Archie puts Orrie in his place (= ending of chapter 7), page 90

  Down went my hands, like twin snakes striking, and I had his [Orrie's] ankles. With a healthy jerk he was out of my chair, and I kept him coming, and going, until he was flat on his back on the rug, six feet away. By the time he had bounced up I was sitting. I may or may not know how to deal with a murderer, but I know how to handle an impostor[7].  

chapter 8, page 102

  I cringed. “Very well, sir,” I said, “you want my record. I was born in the maternity ward of the Ohio State Penitentiary on Christmas Eve, eighteen sixty-five. After they branded me I was taken –”

[Nero Wolfe:] “Shut up.”  

Archie compares Cramer with Wolfe, chapter 9, page 112

  “No,” I admitted [to Wolfe]. “He [Cramer] goes against the grain. He has bad manners. He lacks polish. Look at you for contrast. You are courteous, gracious, tactful, eager to please. [...]”  

chapter 10, page 119f

[...] I kept my eyes on “We’re Asking You” clear to the end. I didn’t learn much. They were asking what to do about extra-bright children, and since I didn’t have any and intended to stay as far away as I could from those I had seen and heard on TV and in the movies, I wasn’t concerned.

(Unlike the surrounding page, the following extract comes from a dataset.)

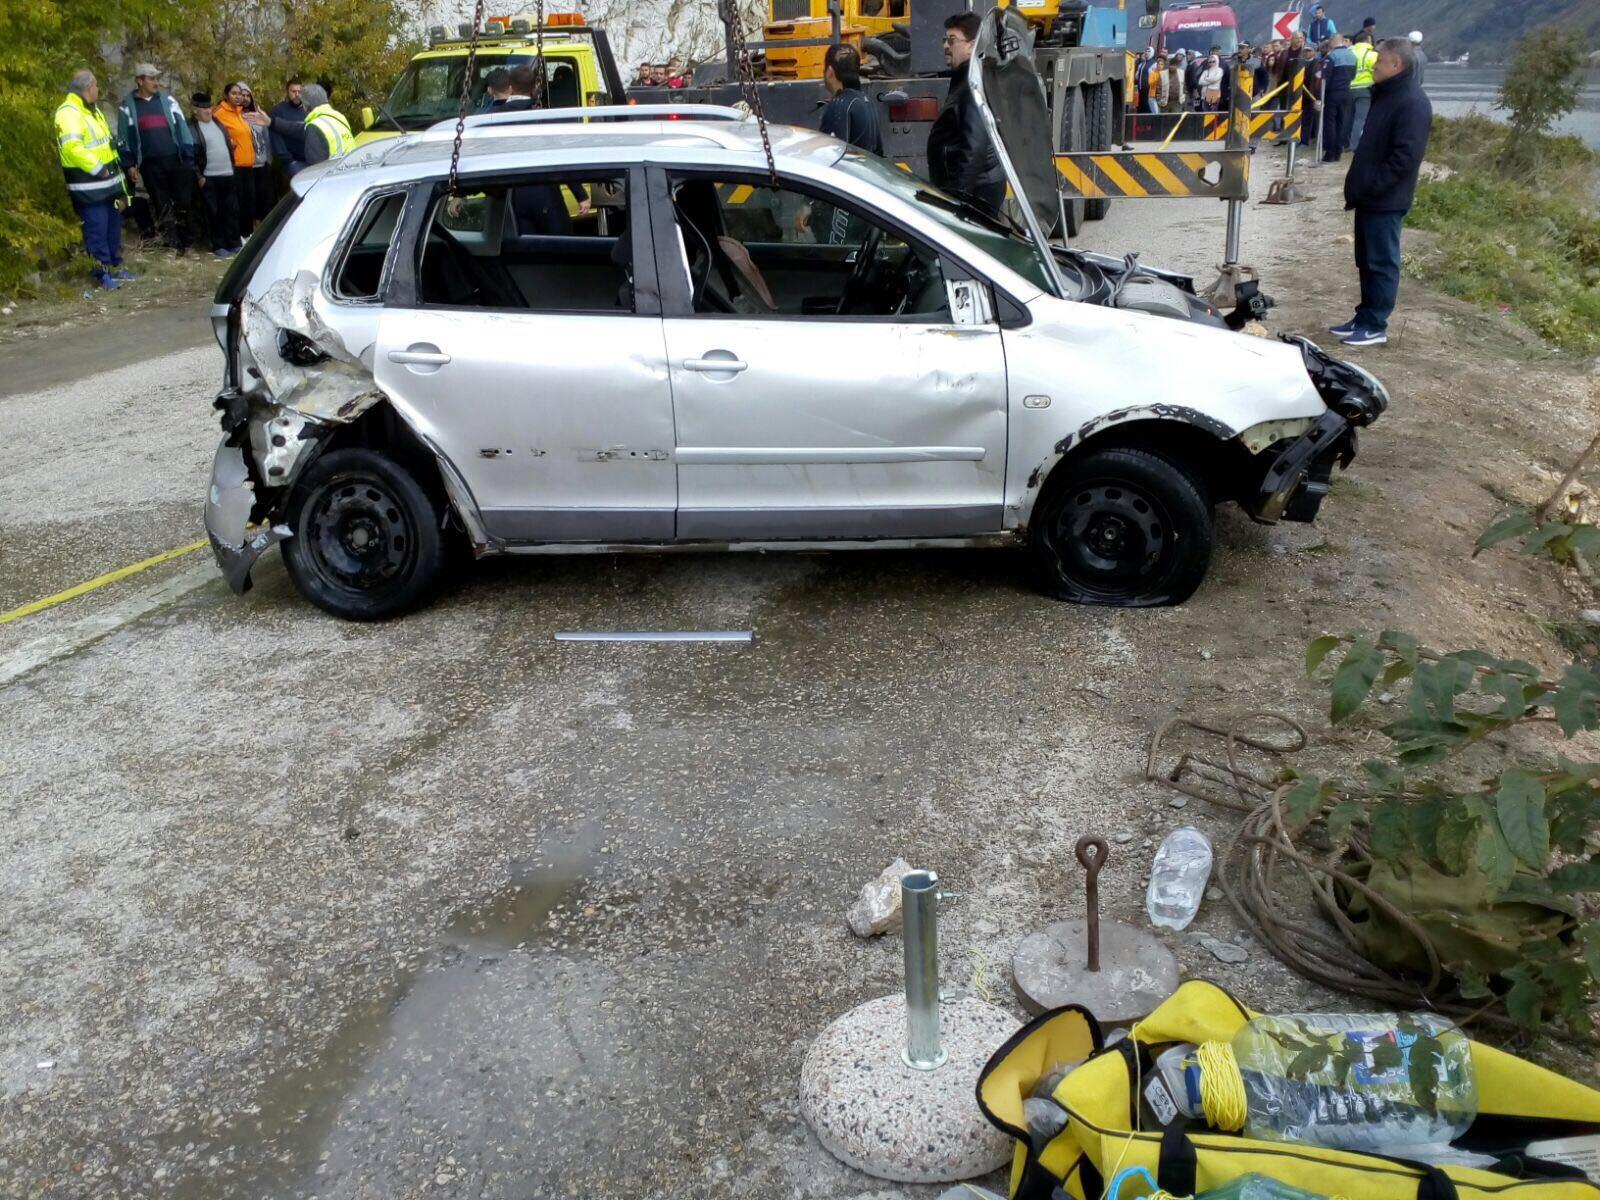 Maşina căzută sâmbătă în Dunăre, verificată la un service autorizat: portierele erau blocate / Cele patru persoane care ar fi dispărut sunt în continuare căutate

[...] It was Bill Brundage, the one who has the trick of rolling his eyes up, pretending he’s looking for a word, when it’s right there in front of him and everybody knows it.[8]

--Faterson

chapter 15, page 167

None of them held a gun at the time I called, nor could I detect any trace of oil or other evidence that a gun had been there. One of them, a hole in a tree the other side of the backstretch, was so ideal that I was tempted to hide my own gun in it.

ib., page 169

  He [Wolfe] lifted his eyes, said, “I’m reading, Archie,” and lowered them back to the book.

The best thing to throw at him would have been the typewriter, but I didn’t own it. Next best would have been the telephone, but I didn’t own that, either, and the cord wasn’t long enough.

chapter 16, page 174

  Seven o’clock is much too early a breakfast hour unless you’re a bird or a bird watcher, but I made it to the kitchen by 7:08.